Extracellular aggregation of Aβ leading to the formation of plaques via stepwise formation of oligomers and fibrils is a neuropathological hallmark of AD brains. Reduction in Aβ has been considered as a major therapeutic strategy against AD [65]. Tohda et al. have reported that DG can significantly improve memory loss and spike firing in the medial prefrontal cortex and hippocampal CA1 in 5XFAD mice. The accumulation of Aβ plaques and neurofibrillary tangles in the cerebral cortex and hippocampus was significantly decreased after DG treatment. Additionally, DG treatment decreased the number of degenerated axons and presynaptic terminals in regions surrounding amyloid plaques. These events were mediated by 1,25D₃-membrane-associated, rapid response steroid-binding protein (1,25D₃-MARRS) [66, 67], or heat shock cognate 70 by normalization of α-tubulin expression, which is a potentially critical event in axonal formation [25]. Koh et al. have reported that DG can ameliorate multiple types of brain injury in transgenic 2576 (TG) mouse models, in which the accumulation of Aβ plaques is induced by Aβ-42 peptides and neurotoxicant trimethyltin (TMT). Their results demonstrated that the numbers of Aβ plaques and dead cells in the granule cell layer of the dentate gyrus were significantly decreased by pretreatment with DG for 21 days. Additionally, a significant increase in the expression of nerve growth factor (NGF) and variation in corresponding components of NGF signaling pathways were found, suggesting that DG could stimulate NGF biosynthesis in multiple types of brain damage [68].
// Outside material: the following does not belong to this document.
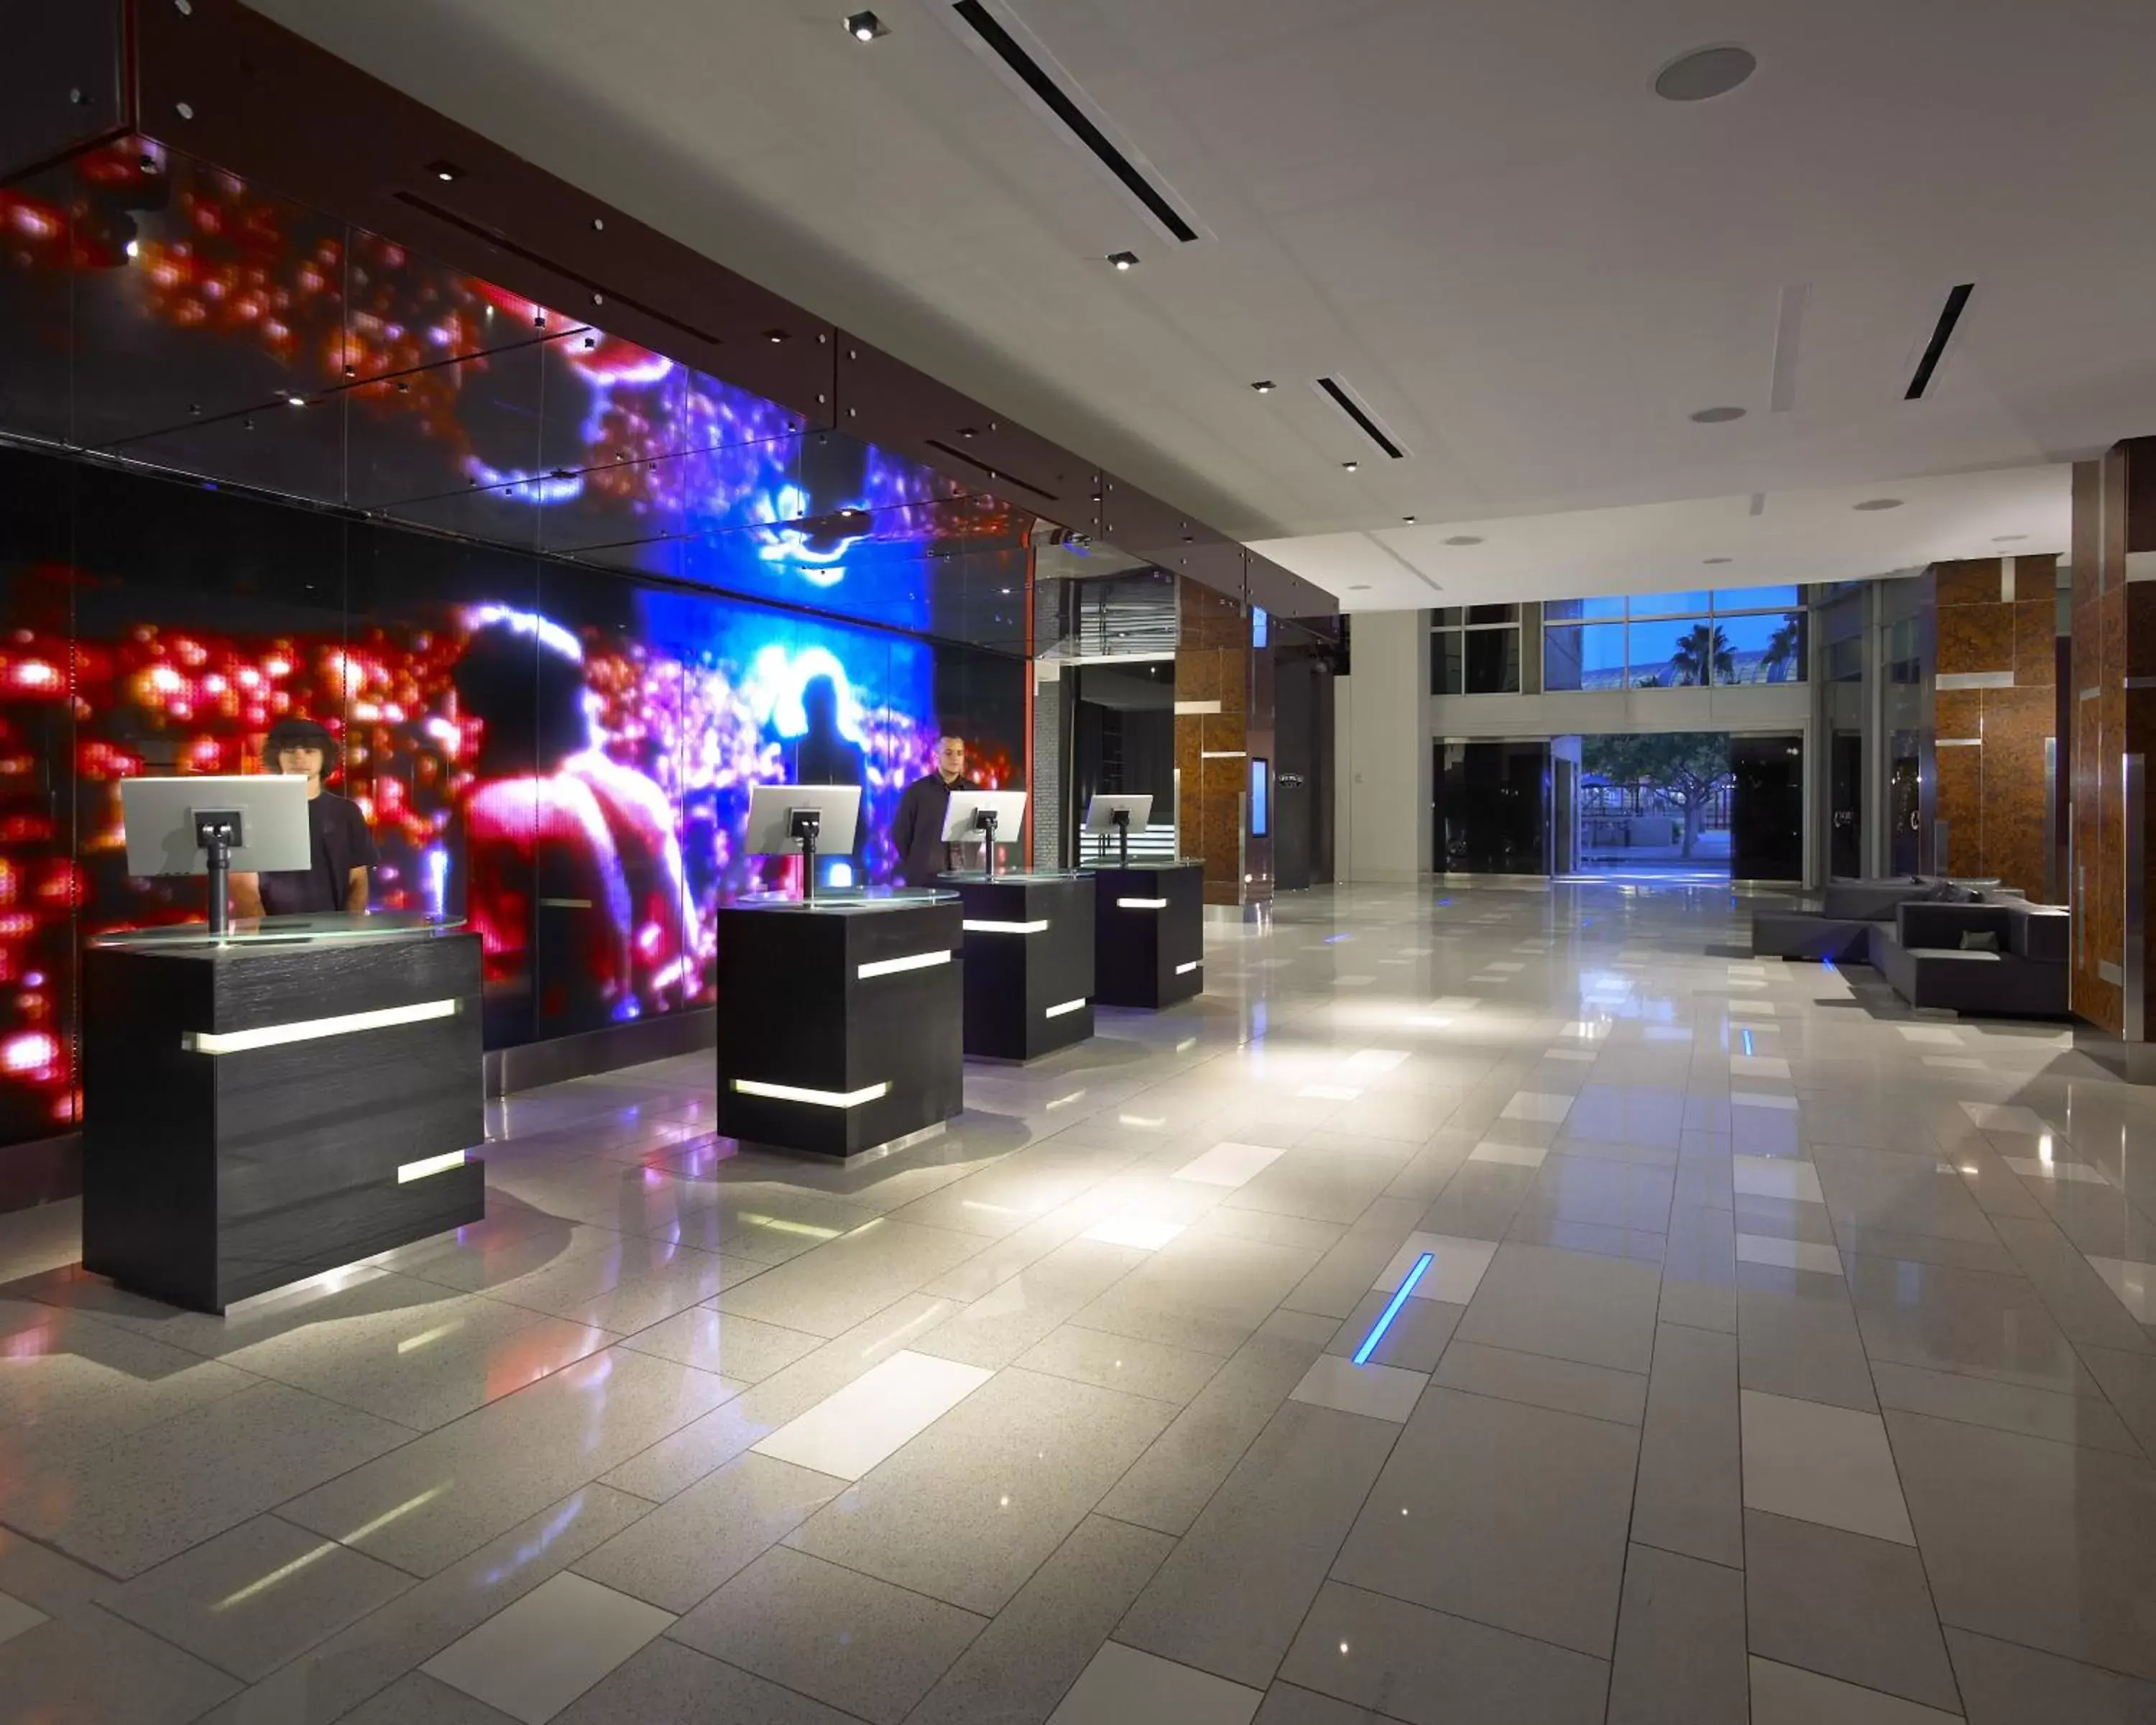 Lobby or reception in Hard Rock Hotel San Diego

Although extracellular accumulation of neurotoxic Aβ species in the brain has been proposed as one of the main events in early stages of AD, continued failure of clinical trials involving Aβ-targeting drugs have prompted scientists to explore alternative mechanisms and therapeutic strategies [69]. Neurofibrillary tangles (NFTs) mainly composed of hyperphosphorylated Tau are another histopathological hallmark of AD and associated tauopathies. Hyperphosphorylation of Tau protein can lead to neurodegenerative disorders. Tohda et al. found that DG treatment can also decrease the hyperphosphorylation of Tau protein in the cortex and hippocampus in an AD mouse model [66, 67].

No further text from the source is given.